When the MFD_NOEXEC_SEAL flag is initially introduced, the MFD created with that flag is sealable, even though MFD_ALLOW_SEALING is not set. This patch changes MFD_NOEXEC_SEAL to be non-sealable by default, unless MFD_ALLOW_SEALING is explicitly set.
This is a non-backward compatible change. However, as MFD_NOEXEC_SEAL is new, we expect not many applications will rely on the nature of MFD_NOEXEC_SEAL being sealable. In most cases, the application already sets MFD_ALLOW_SEALING if they need a sealable MFD.
This does not really reflect the effort that went into this. Shouldn't this be something along the lines of:
This is a non-backward compatible change. However, MFD_NOEXEC_SEAL was only recently introduced and a codesearch revealed no breaking users apart from dbus-broker unit-tests (which have a patch pending and explicitly support this change).

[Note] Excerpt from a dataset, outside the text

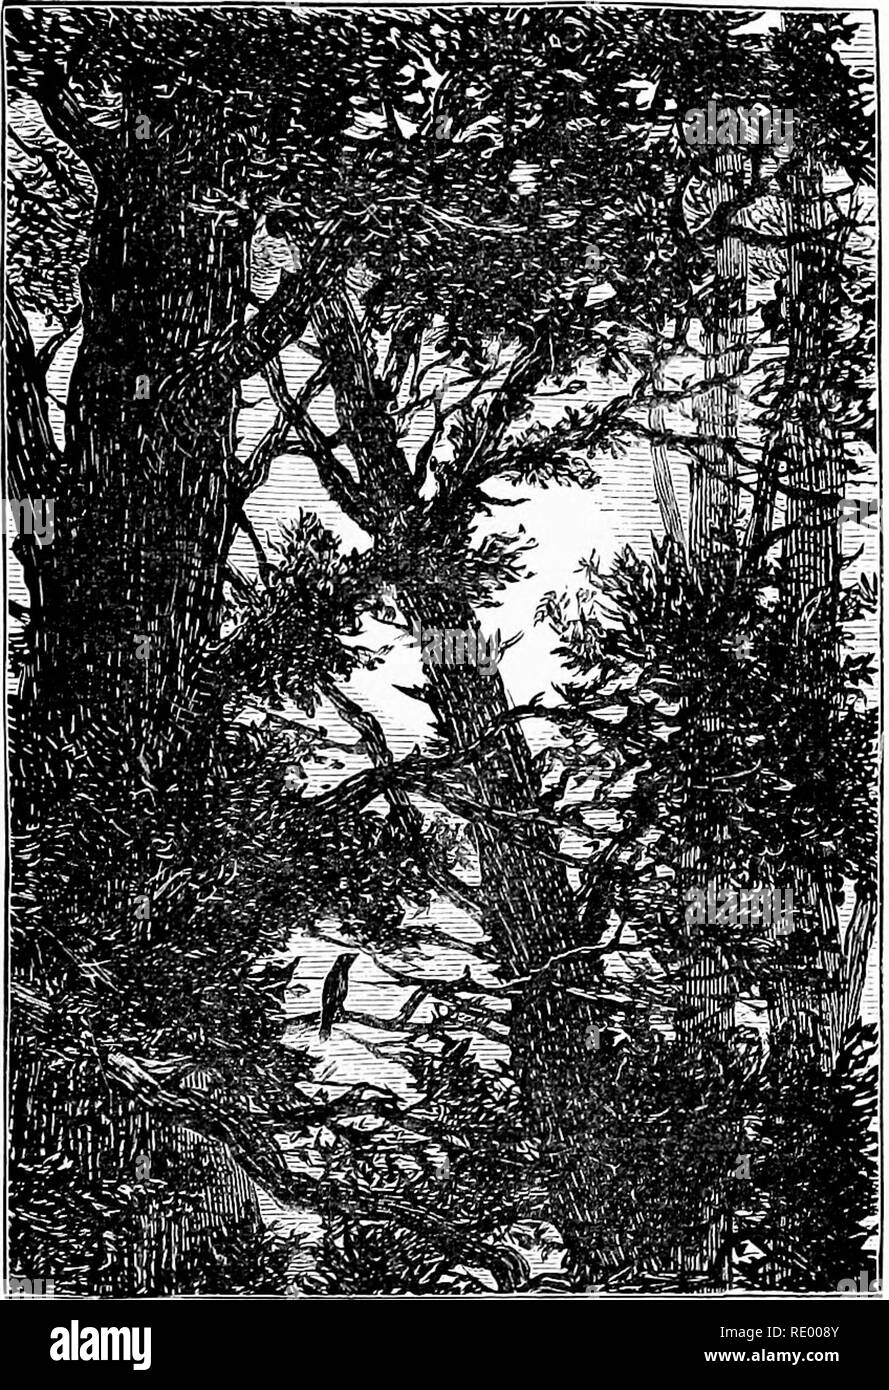 . Hours in my garden, and other nature-sketches. With 138 illus. Natural history. Nightingale s Notes. 143 The pauses grew shorter and shorter as we sat and listened. At first, despite the notion of a challenge, there was more of a complaining plaintive air, varied only now and then with trills, gurgles, penetrating rolls,. and half-whistles (we cannot describe that indescrib- able music, though its subtlely pertinacious, penetrat- ing sweetness is found in no whistle). .Gradually the tones grew deeper, fuller, richer, as though the mere. Please note that these images are extracted from scanne Stock Photo

Additionally, this enhances the useability of pid namespace sysctl vm.memfd_noexec. When vm.memfd_noexec equals 1 or 2, the kernel will add MFD_NOEXEC_SEAL if mfd_create does not specify MFD_EXEC or MFD_NOEXEC_SEAL, and the addition of MFD_NOEXEC_SEAL enables the MFD to be sealable. This means, any application that does not desire this behavior will be unable to utilize vm.memfd_noexec = 1 or 2 to migrate/enforce non-executable MFD. This adjustment ensures that applications can anticipate that the sealable characteristic will remain unmodified by vm.memfd_noexec.
This patch was initially developed by Barnabás Pőcze, and Barnabás used Debian Code Search and GitHub to try to find potential breakages and could only find a single one. Dbus-broker's memfd_create() wrapper is aware of this implicit `MFD_ALLOW_SEALING` behavior, and tries to work around it [1]. This workaround will break. Luckily, this only affects the test suite, it does not affect the normal operations of dbus-broker. There is a PR with a fix[2]. In addition, David Rheinsberg also raised similar fix in [3]

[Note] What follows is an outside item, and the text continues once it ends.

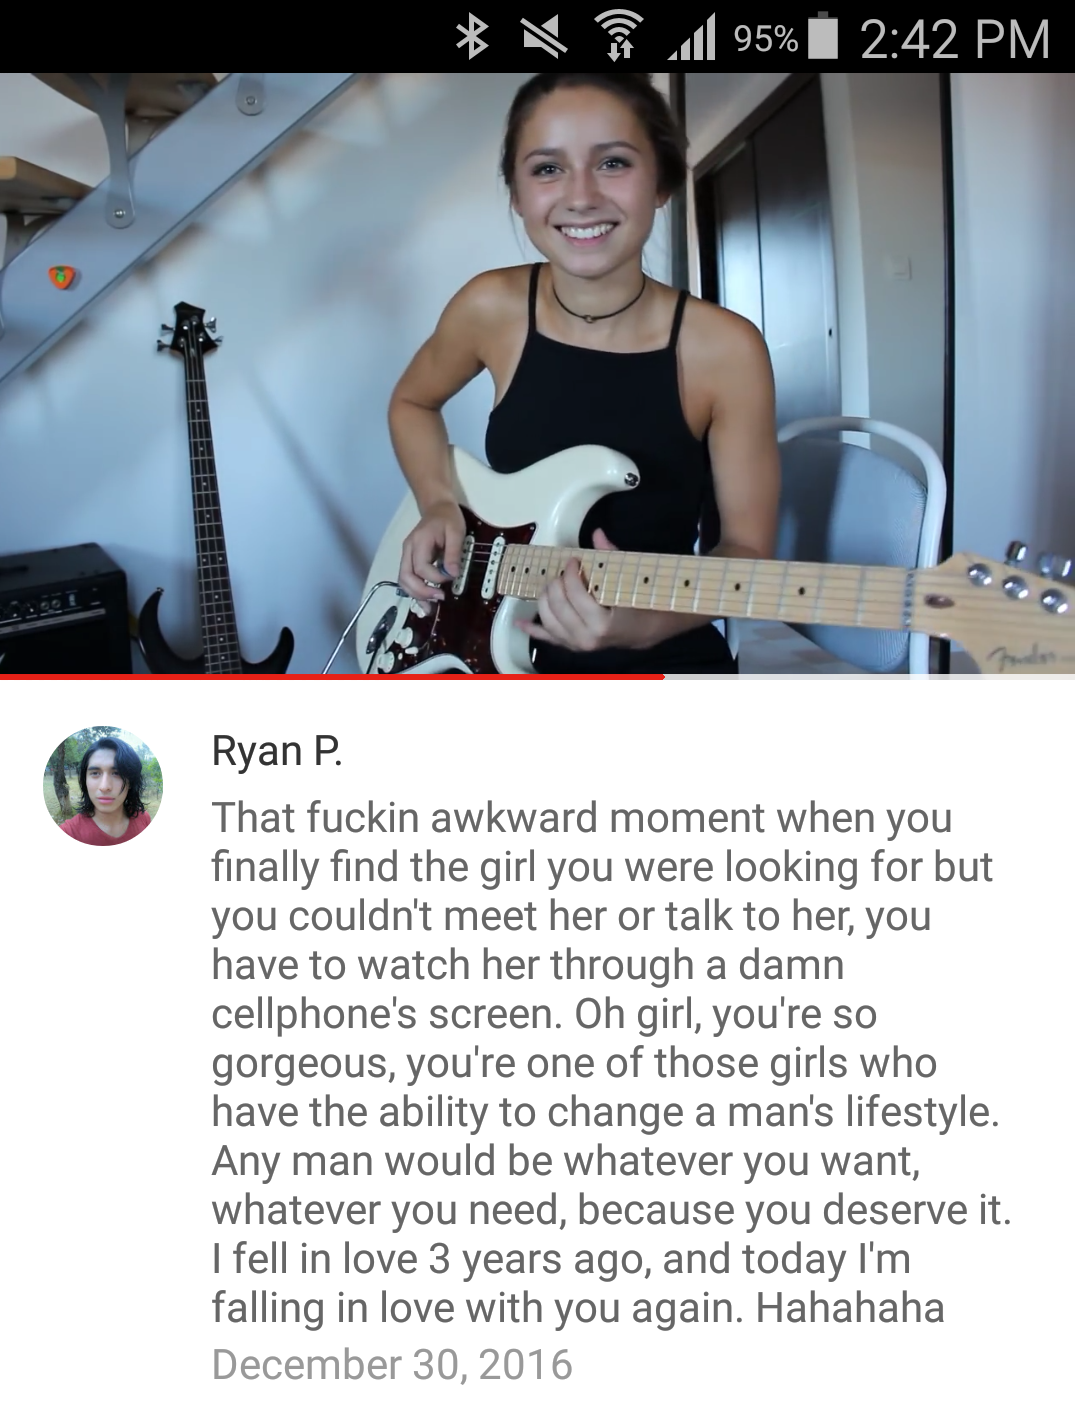 social media cringey kids - 95% Ryan P. That fuckin awkward moment when you finally find the girl you were looking for but you couldn't meet her or talk to her, you have to watch her through a damn cellphone's screen. Oh girl, you're so gorgeous, you're o

Cc: stable@vger.kernel.org Fixes: 105ff5339f498a ("mm/memfd: add MFD_NOEXEC_SEAL and MFD_EXEC") Signed-off-by: Barnabás Pőcze pobrn@protonmail.com Signed-off-by: Jeff Xu jeffxu@google.com Reviewed-by: David Rheinsberg david@readahead.eu
Looks good! Thanks! David
Hi David and Barnabás
On Fri, May 24, 2024 at 7:15 AM David Rheinsberg david@readahead.eu wrote:
Hi
On Fri, May 24, 2024, at 5:39 AM, jeffxu@chromium.org wrote:
From: Jeff Xu jeffxu@google.com
By default, memfd_create() creates a non-sealable MFD, unless the MFD_ALLOW_SEALING flag is set.
When the MFD_NOEXEC_SEAL flag is initially introduced, the MFD created with that flag is sealable, even though MFD_ALLOW_SEALING is not set. This patch changes MFD_NOEXEC_SEAL to be non-sealable by default, unless MFD_ALLOW_SEALING is explicitly set.
This is a non-backward compatible change. However, as MFD_NOEXEC_SEAL is new, we expect not many applications will rely on the nature of MFD_NOEXEC_SEAL being sealable. In most cases, the application already sets MFD_ALLOW_SEALING if they need a sealable MFD.
This does not really reflect the effort that went into this. Shouldn't this be something along the lines of:
This is a non-backward compatible change. However, MFD_NOEXEC_SEAL was only recently introduced and a codesearch revealed no breaking users apart from dbus-broker unit-tests (which have a patch pending and explicitly support this change).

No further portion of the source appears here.